=== Dataset section ===
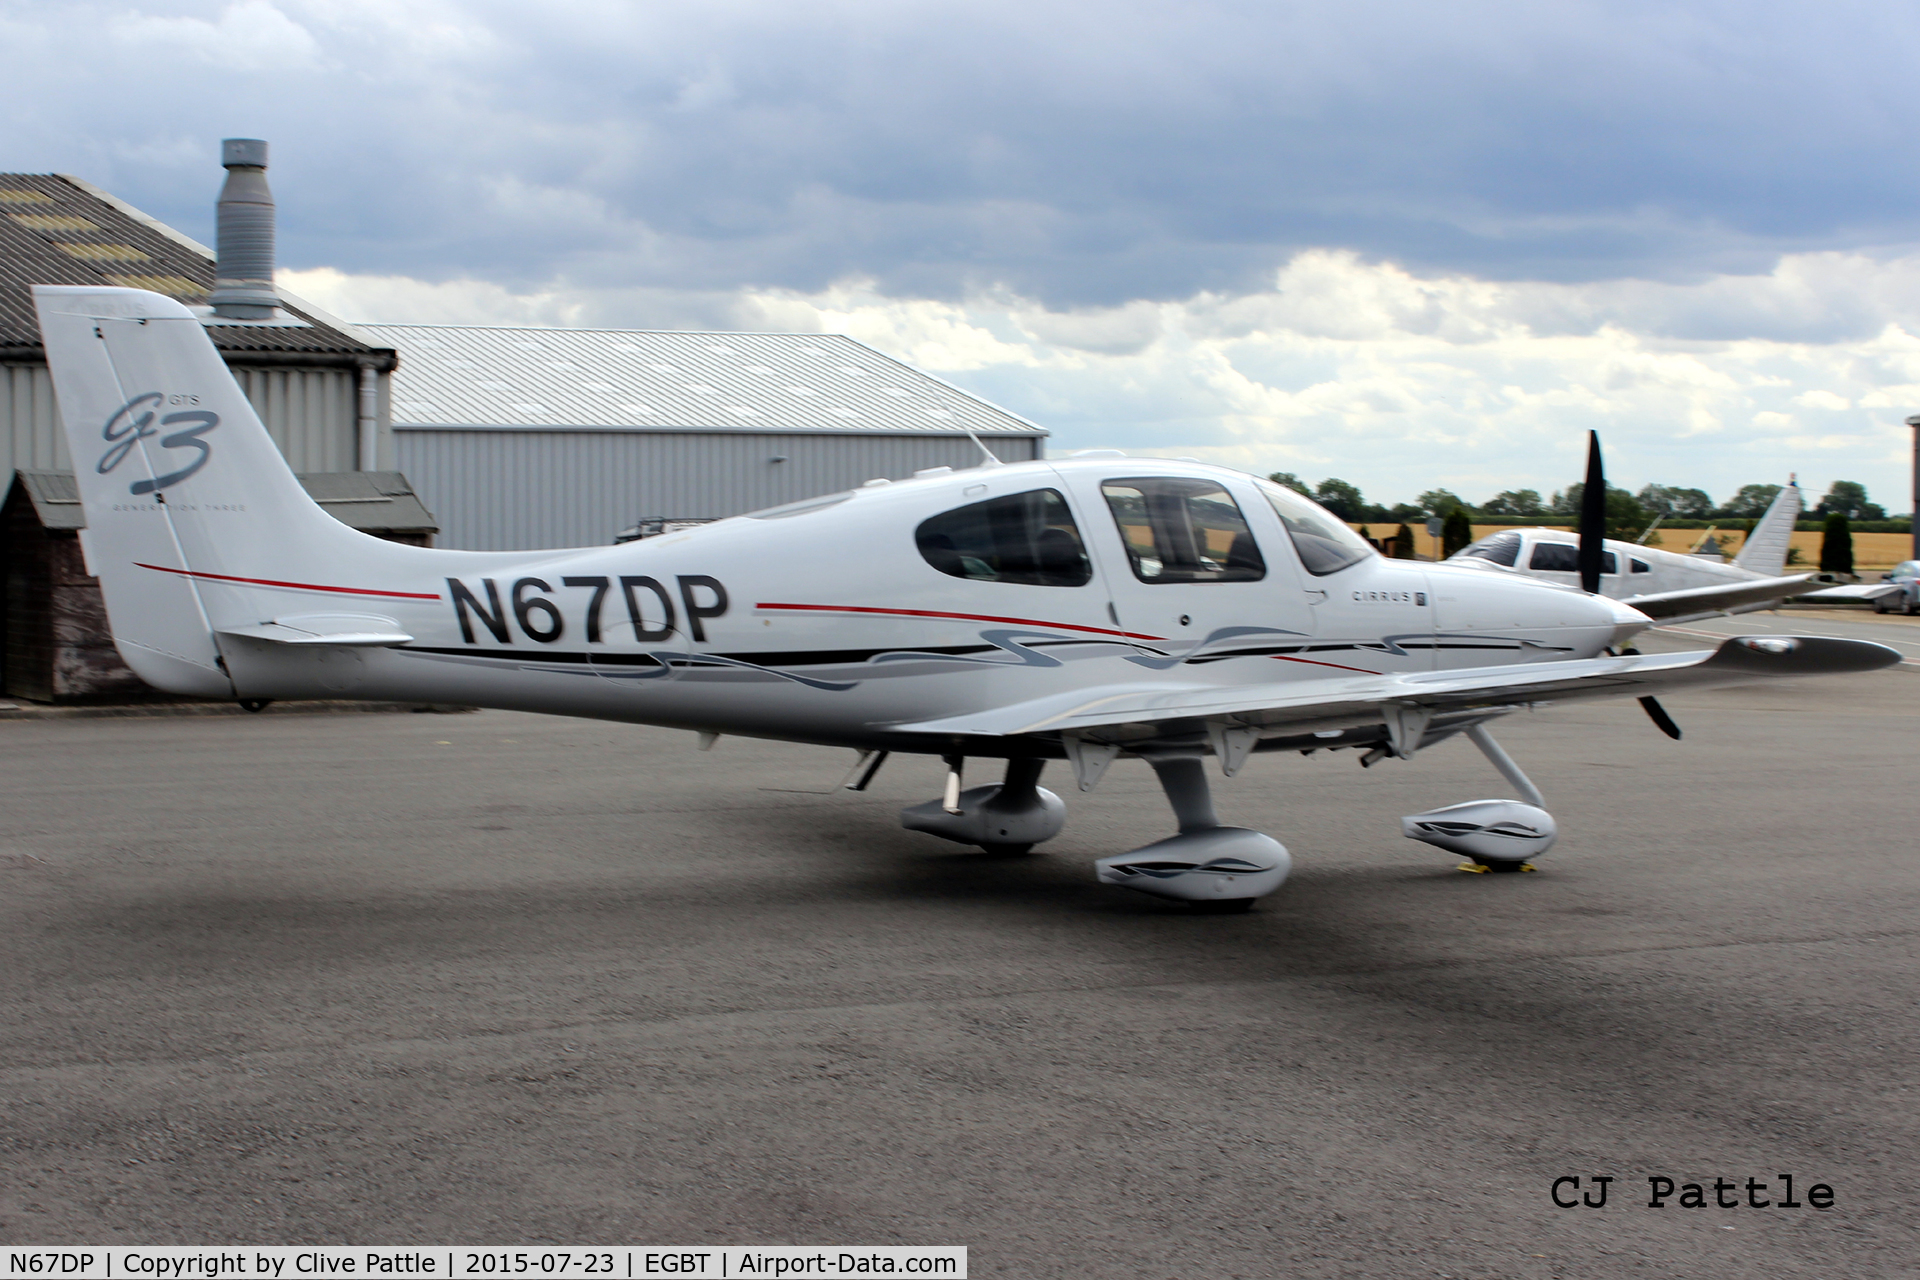 N67DP, 2008 Cirrus SR22 G3 GTS C/N 2933, Parked up at Turweston Aerodrome EGBT
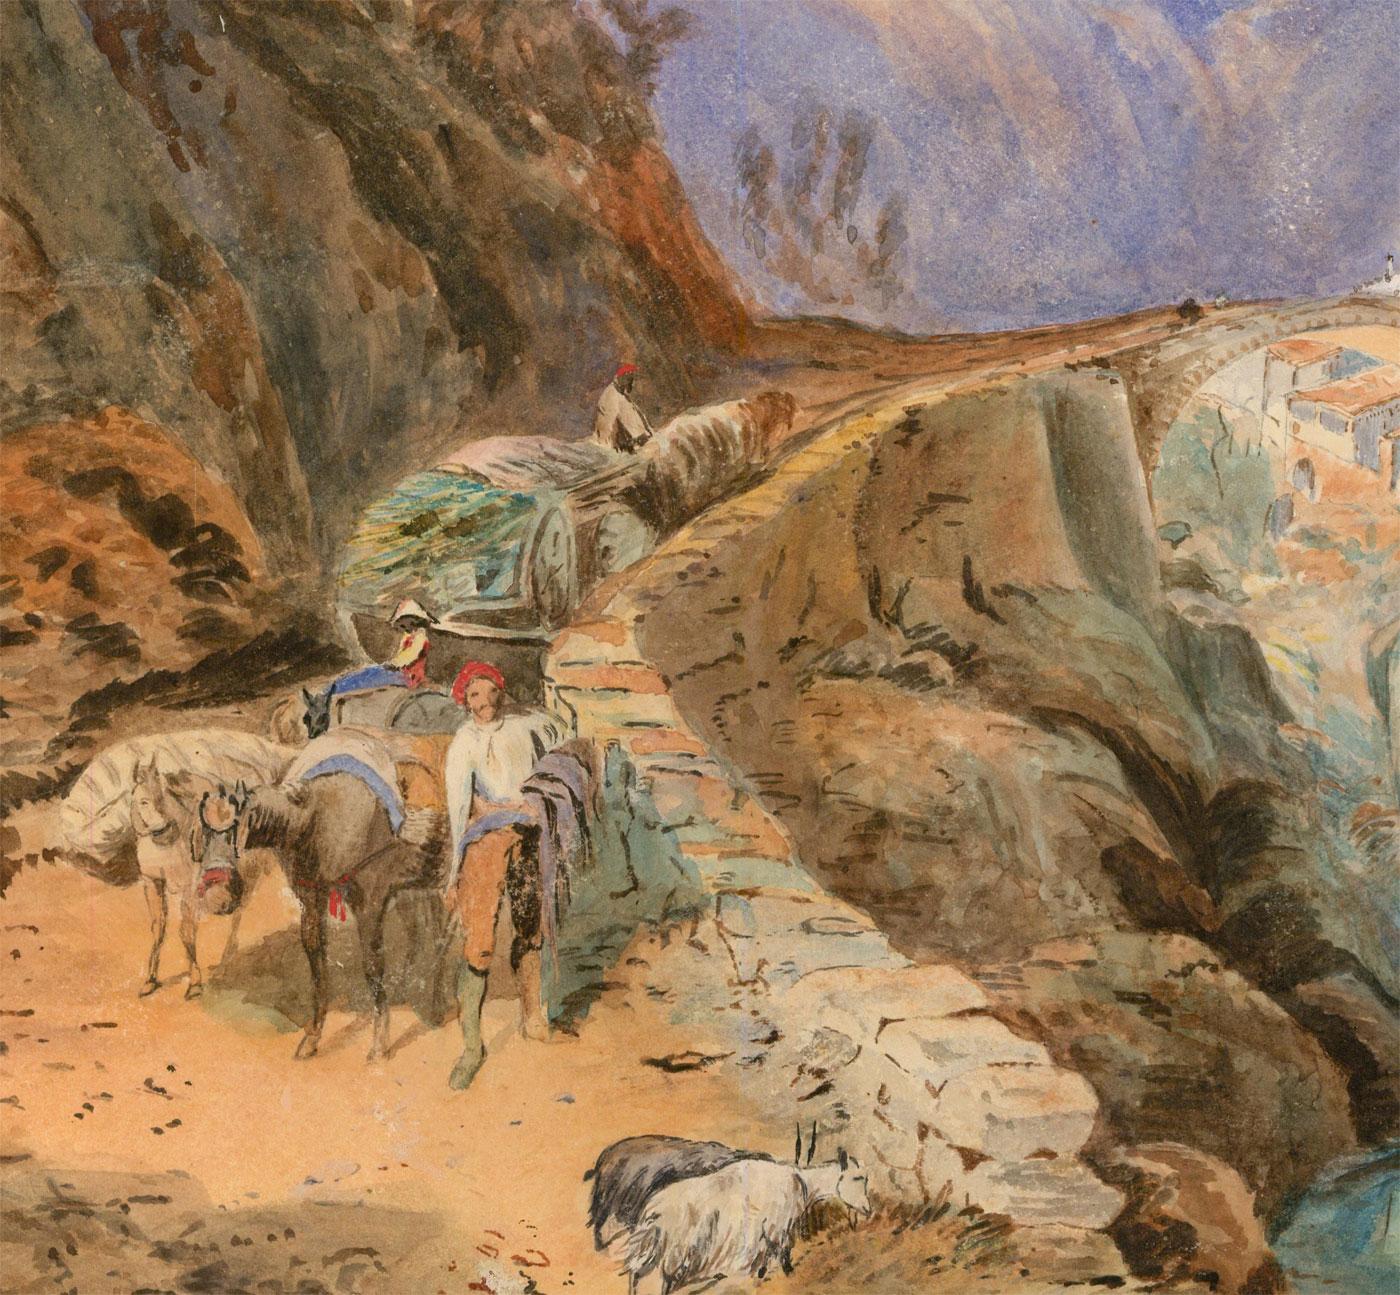 Ein detailreiches Aquarell aus dem 19. Jahrhundert, das eine italienische Bergstadt oder ein italienisches Bergdorf darstellt, mit Figuren, die Esel über eine alte Steinbrücke führen. Die Art und Weise, wie die Szene dargestellt wird, ähnelt stark
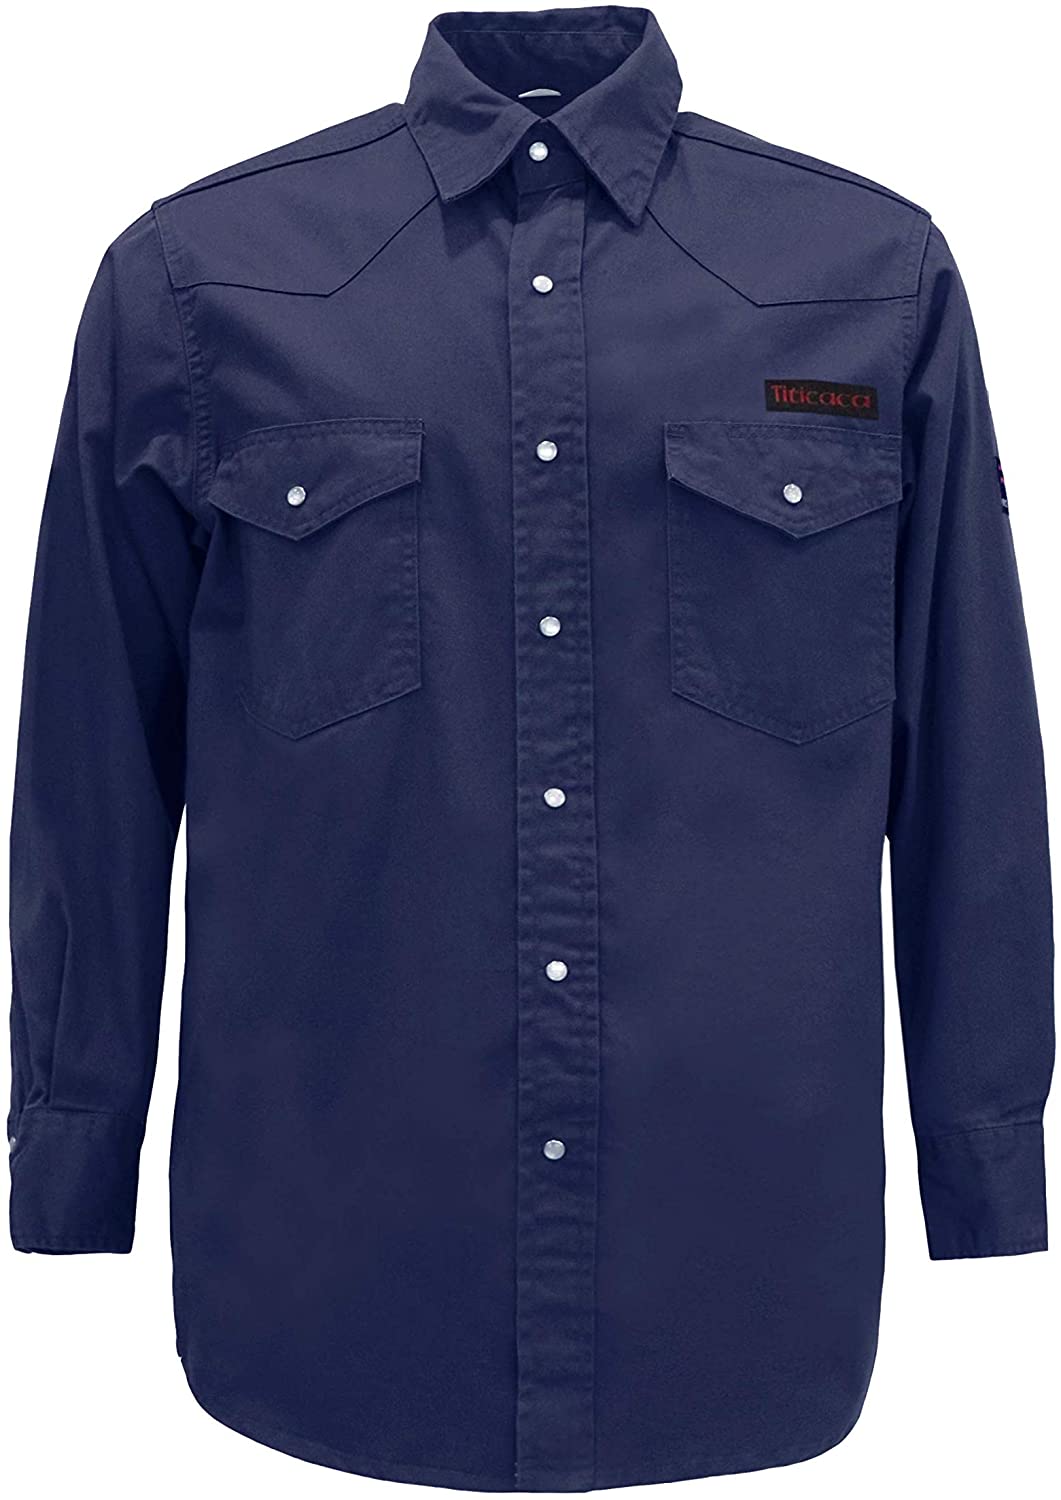 Titicaca FR Shirt Flame Resistant Men Cotton Lightweight Long Sleeve Navy shirt 
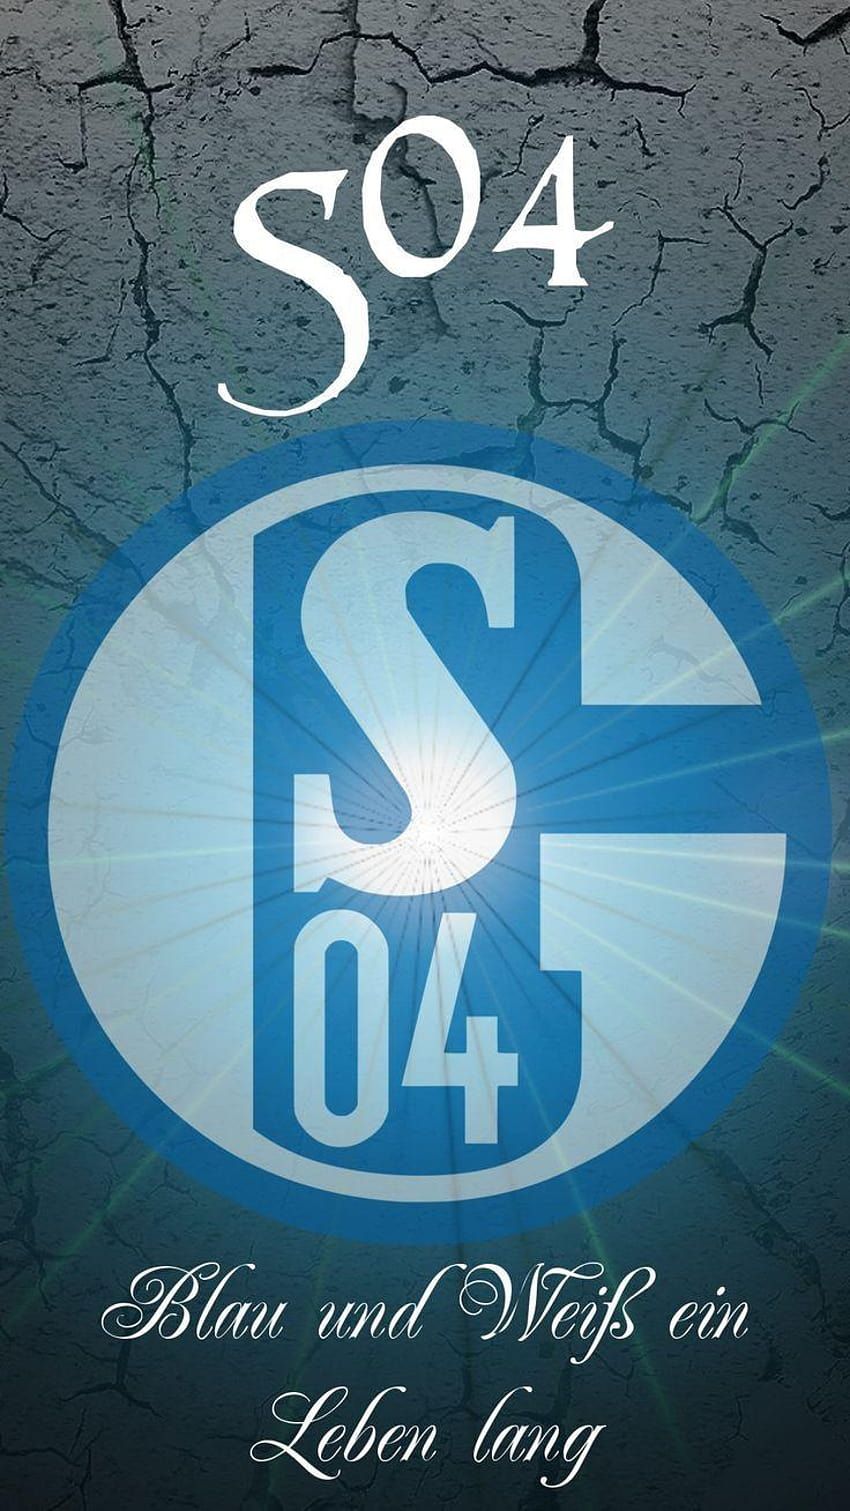  HD Schalke 04 Hintergrundbild 850x1511. Die besten 2 Schalke 04 logo Ideen auf Pinterest HD phone wallpaper

=== Aim of the exercise ===
The task calls for every line of the data to be returned exactly, without pictures.

=== Task answer ===
 N67DP, 2008 Cirrus SR22 G3 GTS C/N 2933, Parked up at Turweston Aerodrome EGBT
 Ein detailreiches Aquarell aus dem 19. Jahrhundert, das eine italienische Bergstadt oder ein italienisches Bergdorf darstellt, mit Figuren, die Esel über eine alte Steinbrücke führen. Die Art und Weise, wie die Szene dargestellt wird, ähnelt stark
 Titicaca FR Shirt Flame Resistant Men Cotton Lightweight Long Sleeve Navy shirt 
  HD Schalke 04 Hintergrundbild 850x1511. Die besten 2 Schalke 04 logo Ideen auf Pinterest HD phone wallpaper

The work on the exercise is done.